After primordial germ cells (PGCs) have colonized the gonadal ridge at roughly 3–5 weeks post conception (WPC), two successive development stages are observed during male gonadogenesis: sex determination of the bipotential gonads and testis differentiation. At 6 WPC, the SRY gene becomes expressed in the bipotent supporting cells in the gonadal coelomic epithelium, ventral to the mesonephros in the XY gonadal ridge. SRY is required for Sertoli cell commitment and tilts the balance in favor of male gonadogenesis by creating a cascade of testis-promoting genes, which downregulate RSPO1/WNT4–β-catenin pathways that mediate ovarian development. The remainder of testis development is driven by sex hormones produced after the gonads have differentiated into testes.
Despite the social and biological relevance of testis development disorders and their association with the increasing incidence of male infertility, knowledge on human gonadogenesis is not complete. Current advances are hampered by scarcity of human tissue, lack of reliable in vitro models, and differences in reproductive physiology between rodents and higher mammals. Here, Garcia-Alonso and colleagues profiled cells of the human gestational gonads (n=22) from 6–21 WPC using (1) single-cell RNA sequencing, (2) single-cell accessible chromatin sequencing and (3) combined single-nucleus RNA and ATAC sequencing. Hereafter, gene activity was mapped in the tissues using Visium spatial gene expression and multiplexed single-molecule fluorescent in situ hybridization to provide spatiotemporal dynamics of male gonadogenesis.
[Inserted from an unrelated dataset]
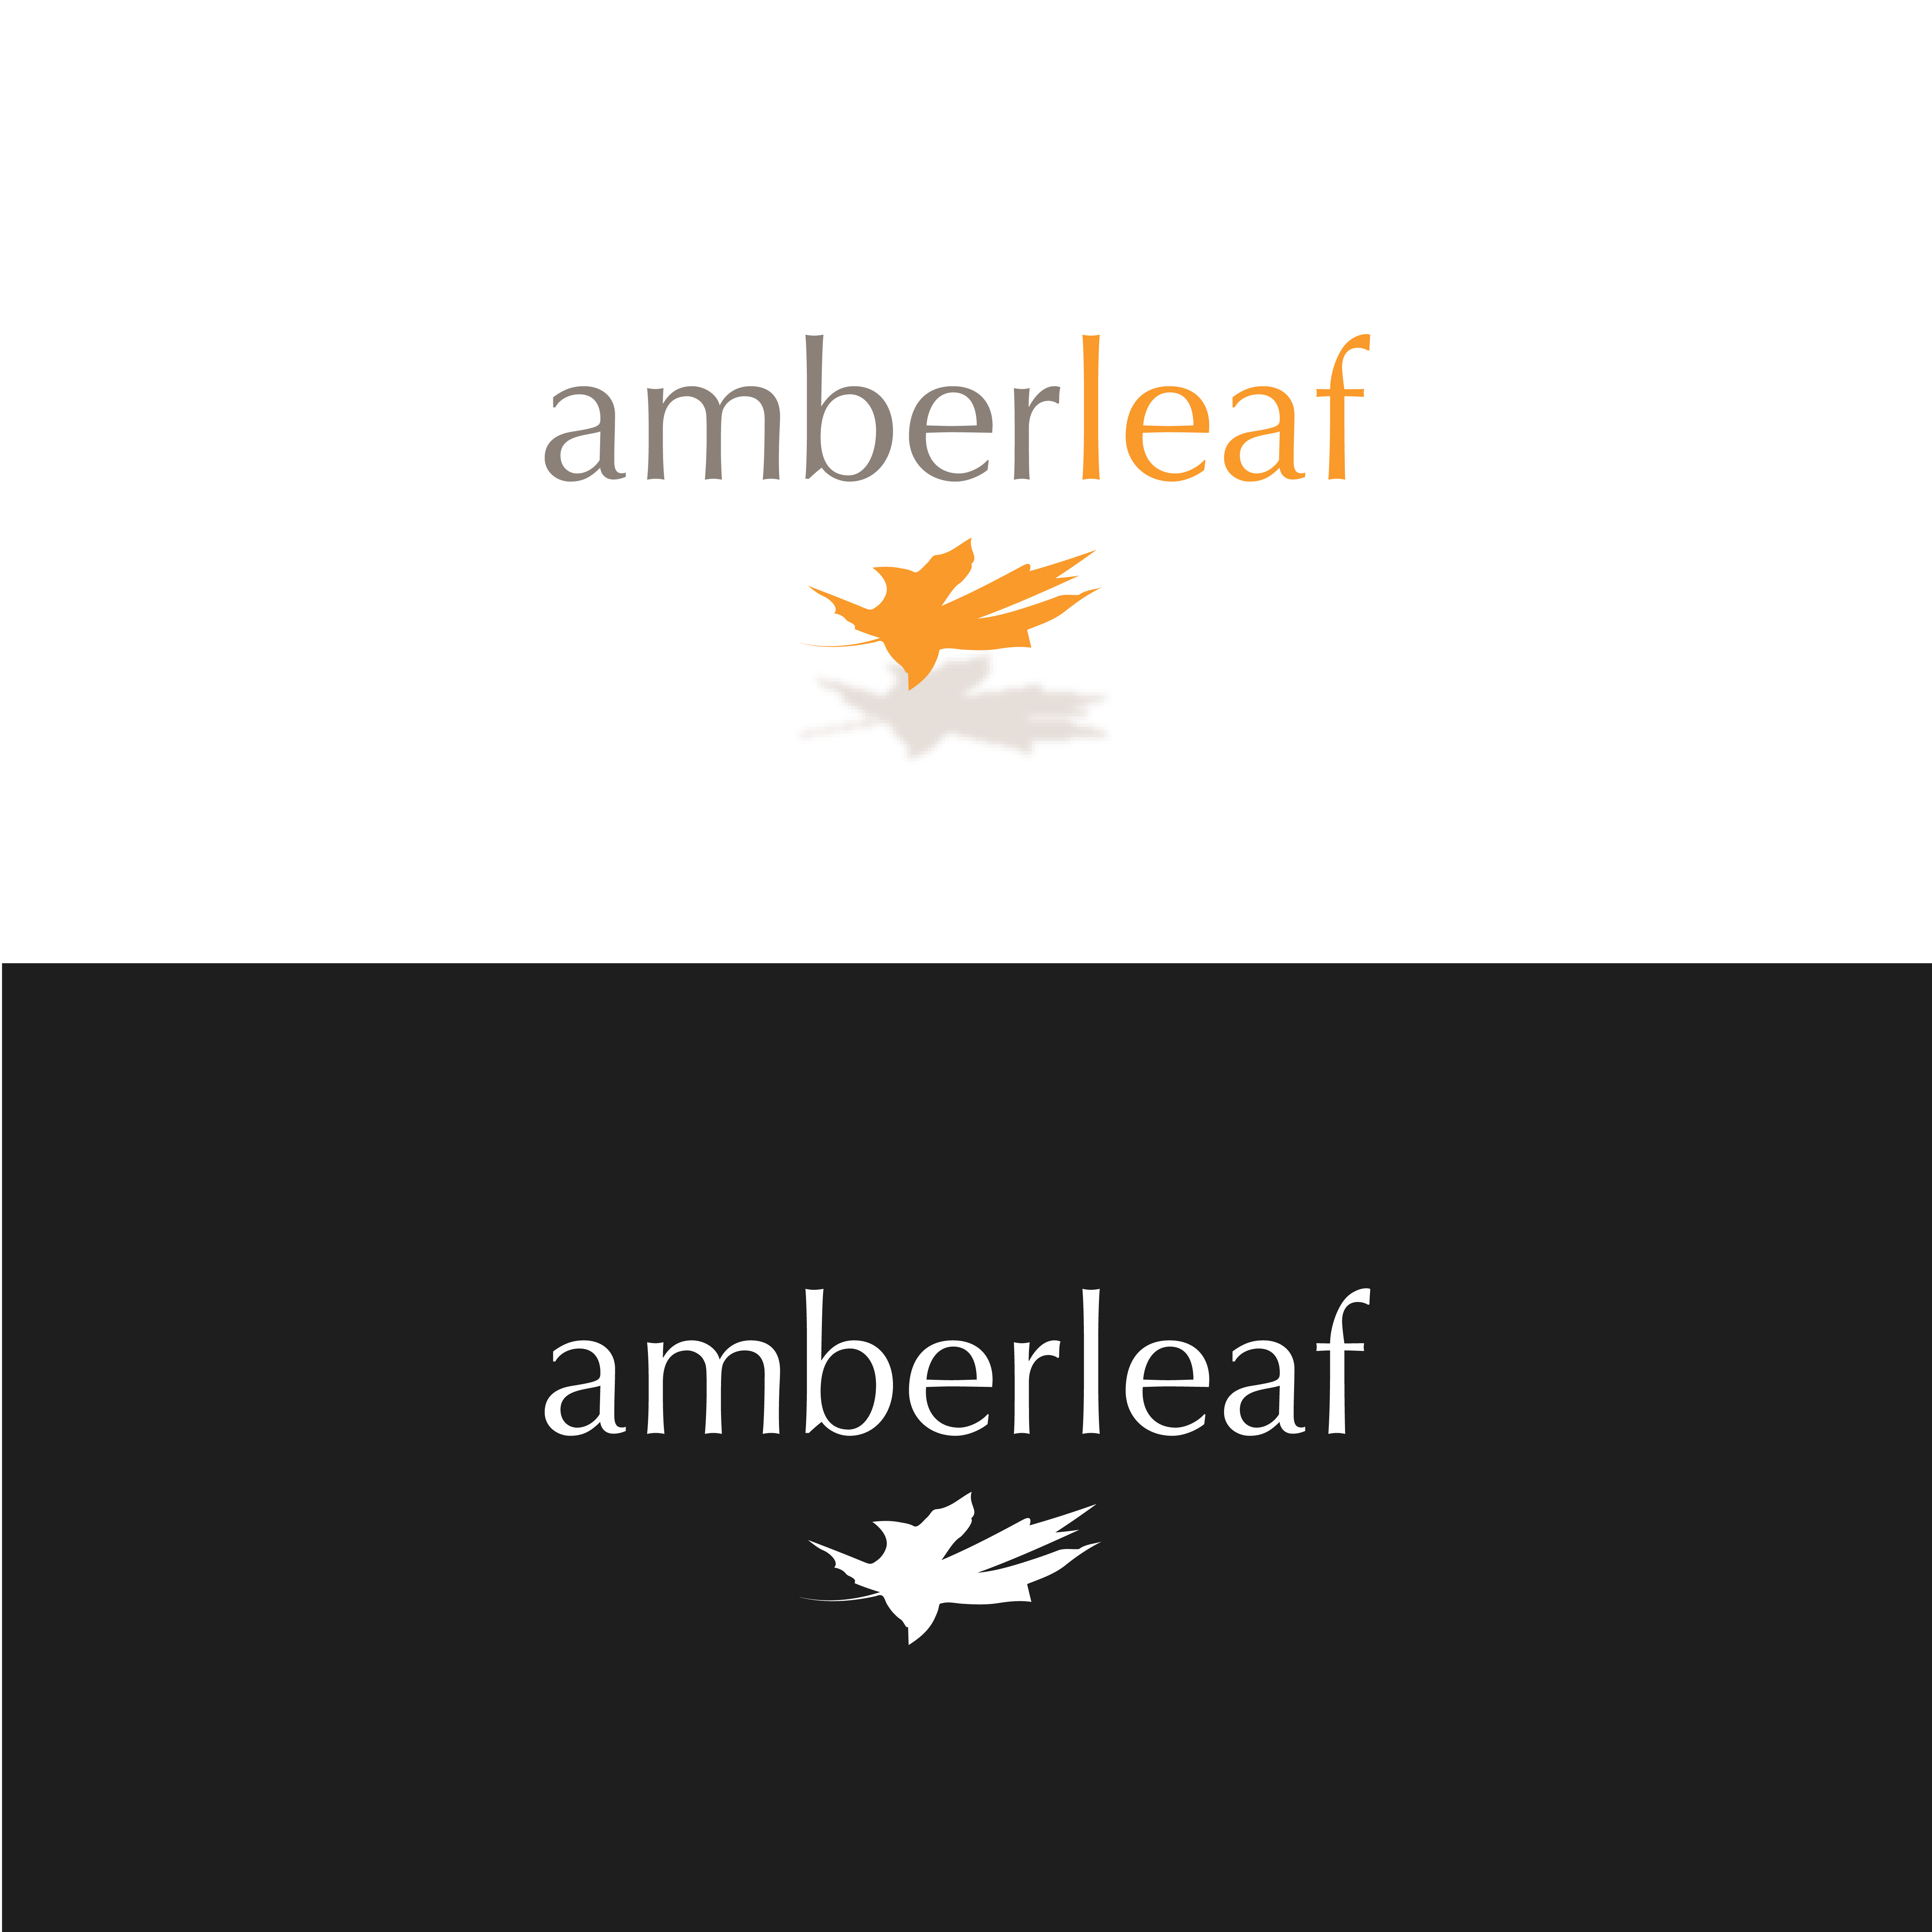 amberleaf logos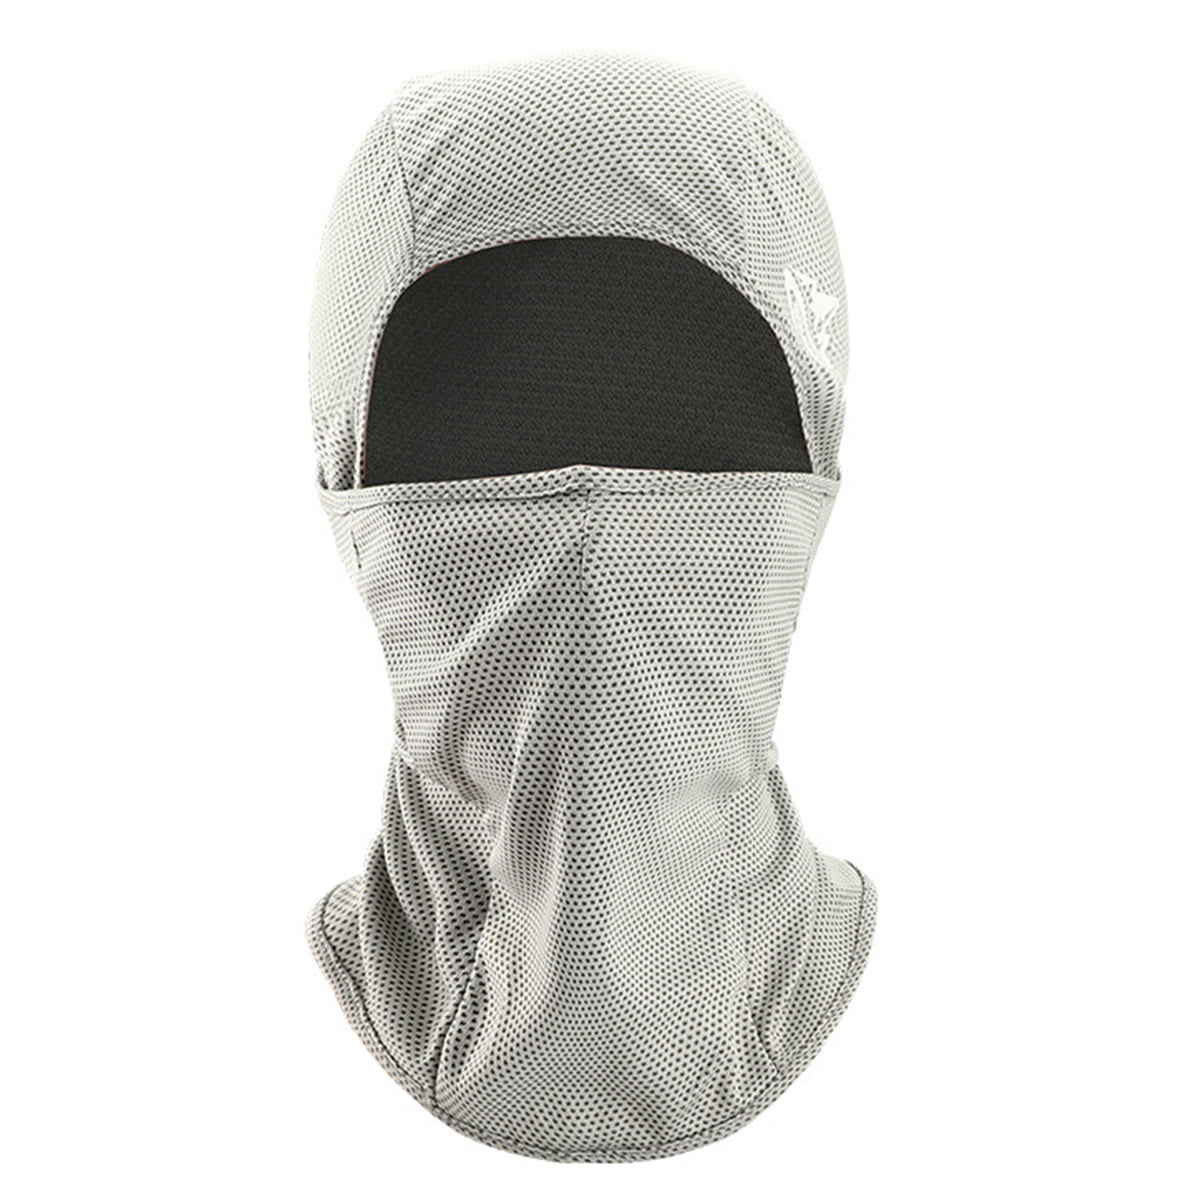 Kvlomore Balaclava Ski Mask Face Head Cover UV Sun Full Protection Cycling Outdoors Accesses 4 Packs

Subpopulations of early supporting gonadal cells
The authors identified early GATA4+ supporting gonadal cells (ESGCs) in the coelomic epithelium of the bipotential gonad that express the stem-cell markers TSPAN8 and LGR5 (which would correspond to an equivalent population in mice expressing WT1 and NR5A1). These ESGCs are the cells that transiently express SRY (6–8 WPC) to differentiate into supporting Sertoli cells in the early gonad, which are required to complete testis development. Moreover, ESGCs at the gonadal–mesonephric border of the gonads will upregulate PAX8 at 9 WPC and are believed to influence rete testis formation.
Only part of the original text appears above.